1. Having workflows to be able to provide meaningful context quickly. Very helpful.
2. Arbitrary incantations.
I think No. 2 may provide some random amounts of value with one model and not the other, but as a practitioner you shouldn't need to worry about it long-term. Patterns models pay attention to will change over time, especially as they become more capable. No. 1 is where the value is at.
As my example as a systems grad student, I find it a lot more useful to maintain a project wiki with LLMs in the picture. It makes coordinating with human collaborators easier too, and I just copy paste the entire wiki before beginning a conversation. Any time I have a back-and-forth with an LLM about some design discussions that I want archived, I ask them to emit markdown which I then copy paste into the wiki. It's not perfectly organized but it keeps the key bits there and makes generating papers etc. that much easier.
The author deserves more credit here, than just "vibing".
I use these prompts everywhere. I get significantly better results mostly because it encourages backtracking and if I were to guess, enforces a higher confidence threshold before acting.
The expert engineering ones usually end up creating mountains of slop, refactoring things, and touching a bunch of code it has no business messing with.

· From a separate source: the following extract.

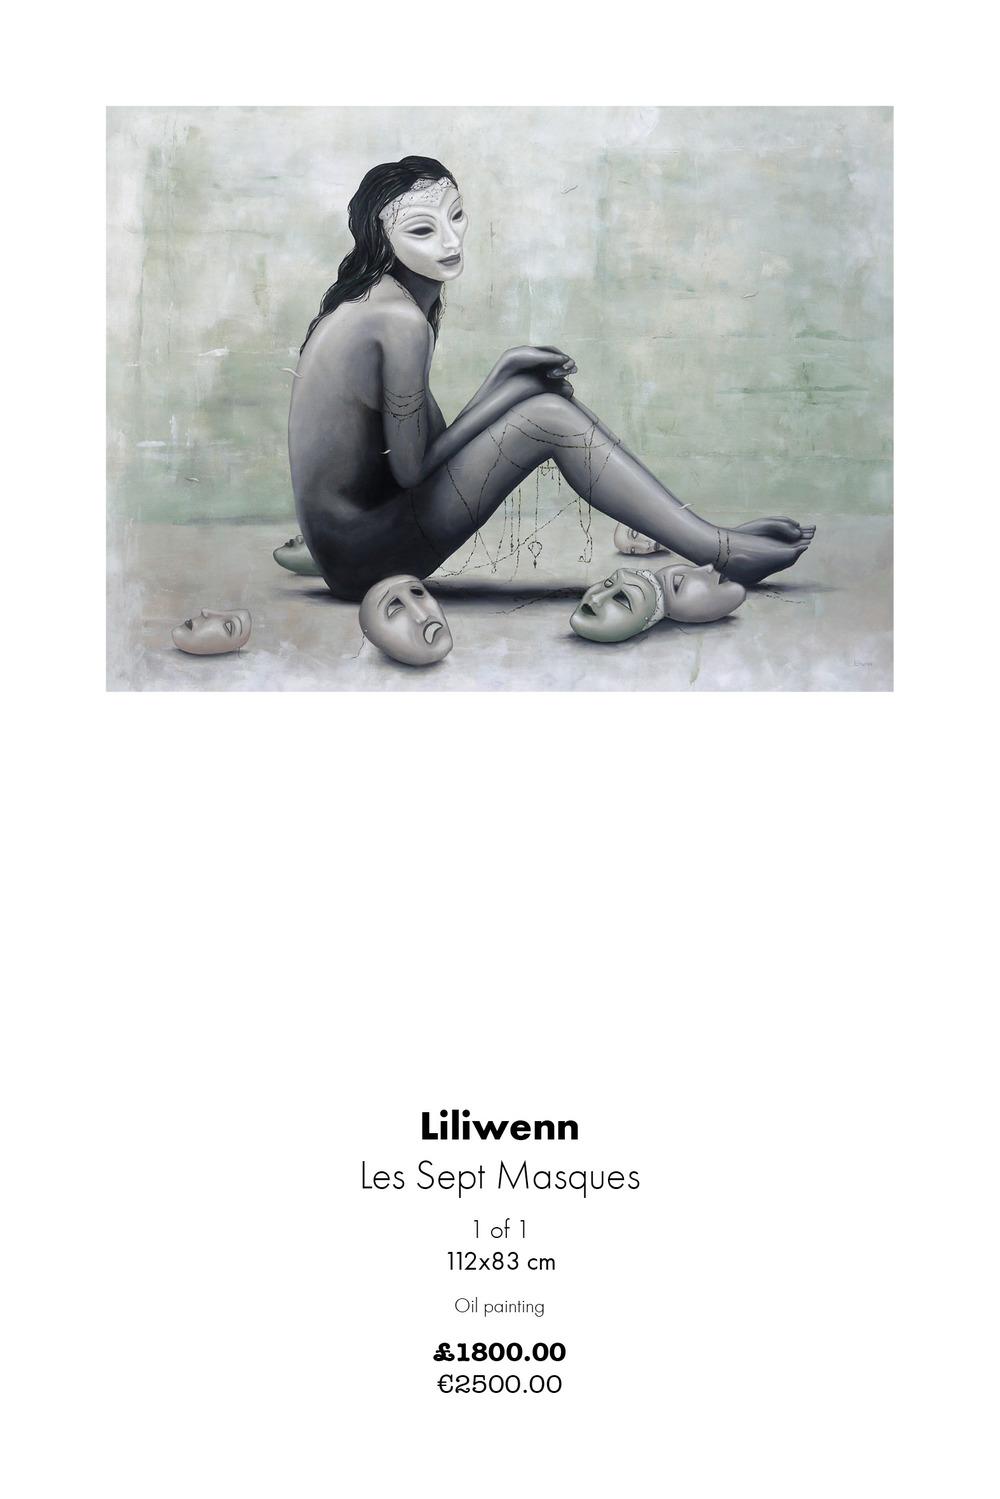 ARTWORKS_226.jpg

I also have used lazy prompts: "You are positively allergic to rewriting anything that already exists. You have multiple mcps at your disposal to look for existing solutions and thoroughly read their documentation, bug reports, and git history. You really strongly prefer finding appropriate libraries instead of maintaining your own code"
You just described one critical aspect of engineering: discovering a property of a system and feeding that knowledge back into a systematic, iterative process of refinement.
But yeah prompt engineering is a field for a reason, as it takes time and experience to get it right.
Problem with LLMs as well is that it’s inherently probabilistic, so sometimes it’ll just choose an answer with a super low probability. We’ll probably get better at this in the next few years.
Quantitative benchmarks are not necessary anyway. A method either gets results or it doesn't.
Those prompts should be renamed as hints. Because that's all they are. Every LLM today ignores prompts if they conflict with its sole overarching goal: to give you an answer no matter whether it's true or not.
I like to think of them as beginnings of an arbitrary document which I hope will be autocompleted in a direction I find useful... By an algorithm with the overarching "goal" of Make Document Bigger.
(As an engineer it’s part of your job to know if the problem is being solved correctly.)
You invoke "engineering principles", but software engineers constantly trade in likelihoods, confidence intervals, and risk envelopes. Using LLMs is no different in that respect. It's not rocket science. It's manageable.
What's the alternative?
Are you Insinuating that dealing with unstable and unpredictable systems isn't somewhere engineering principles are frequently applied to solve complex problems?
It’s surprisingly effective to ask LLMs to help you write prompts as well, i.e. all my prompt snippets were designed with help of an LLM.
I personally keep them all in an org-mode file and copy/paste them on demand in a ChatGPT chat as I prefer more “discussion”-style interactions, but the approach is the same.
Works incredibly well, and I created it with its own help.
The more you can frame the problem with your expertise, the better the results you will get.
Every time a new frontier LLM is released (excluding LLMs that use input as training data) I run the interview questions through it. I’ve been surprised that my rate of working responses remains consistently around 1:10 for the first pass, and often takes upwards of 10 rounds of poking to get it to find its own mistakes.
So this level of signal to noise ratio makes sense for even more obscure topics.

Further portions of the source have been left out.